Snap Stories – An evening of chasing and photographing sheep in the mountains
Snap Stories is a monthly column I write for a travel magazine. ‘An evening of chasing and photographing sheep in the mountains’ was published in February 2014.
Photographers keep dreaming of images all the time. Every photographer would have a dozen images conceptualized in their heads, which they would be hoping to make sometime in future. These concepts may have come from multiple sources – pure imagination, photographs or paintings seen in the past or from a place they have visited during their journeys.
One such concept that buzzed in my mind was to photograph a herd of sheep going home in the evening. I was hoping to catch a dramatic moment when the sheep would kick up the dust and scatter the evening sunlight, and their furry translucent coat would glow at the edges as the sunlight bounced through them. It would have a dreamy atmosphere, where the dust would dull the details and also weaken the strength of the sunlight, creating a fog-like effect on a magical evening.
Of course, such encounters can’t be planned completely. One can always make an attempt to be at the right time and place, but it would still take a lot of luck to see that precise thing cooking up in your mind unfolding into a reality.

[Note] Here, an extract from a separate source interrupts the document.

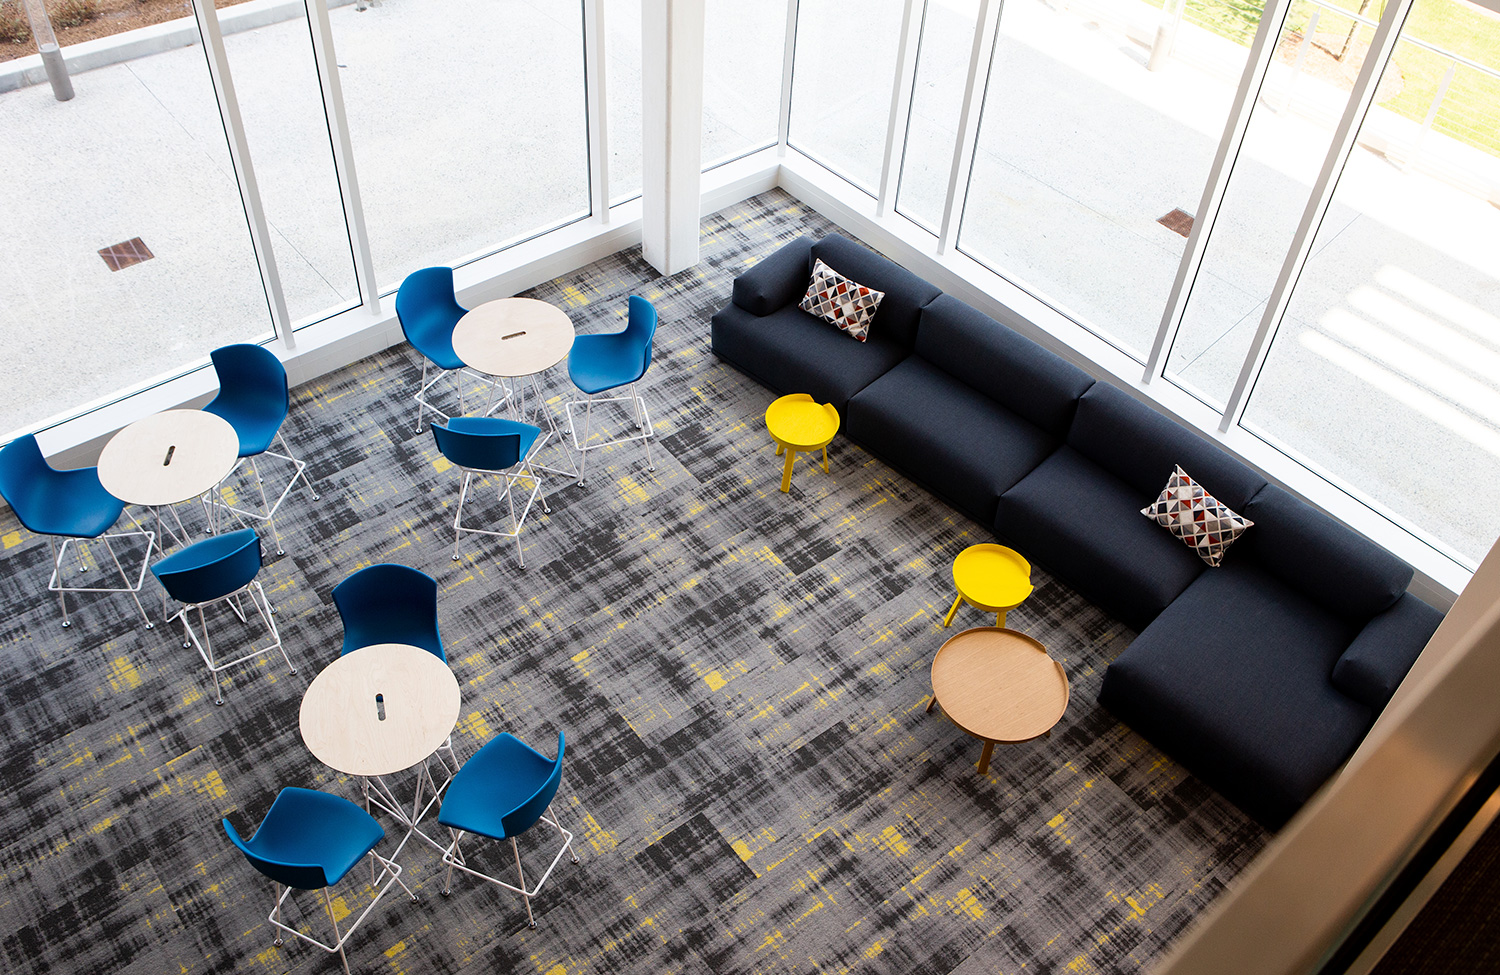 Knoll Education Community Spaces

I had one such moment last week when I was travelling in the highlands of Ladakh, photographing its winter landscapes. One evening, I arrived at a grassland where I was certain to find large herds of sheep and perhaps some yaks and cows as well. Being winter, I was expecting a snowy landscape where sheep would forage on whatever grass available on the surface, not buried under snow. But on arrival, I discovered that there was no snowfall in the season and the ground was still dry and dusty. I could see dust being kicked up by the hooves from a distance and it was almost time for sunset, allowing some anticipation to build up inside me.
When we reached closer, I saw nearly half-a-dozen flocks of sheep slowly being herded home by their owners. As they walked in unison, as sheep always do, the air was filled with thick dust and sun glowed mildly through the blanket of dust from behind. It was precisely that moment I had dreamt of, happening in front of my eyes.
Before I knew it, I was out of the vehicle chasing those sheep and firing away a series of photographs of them glowing in the sunlight and the shepherds trying to organize them to get back home. It was a bitterly cold and windy evening, with temperatures probably down to ten degrees below zero in this region with depleted oxygen. But in the excitement of realizing my imagination, none of these really mattered and I was behind the sheep for the next 15 minutes, trying to keep pace and make as many images as possible. It was only when the sun went behind a mountain and drew a curtain to the magical scene that I realized I had walked nearly a kilometer with the herd in a frenzied pace. The resulting images made it all worthwhile.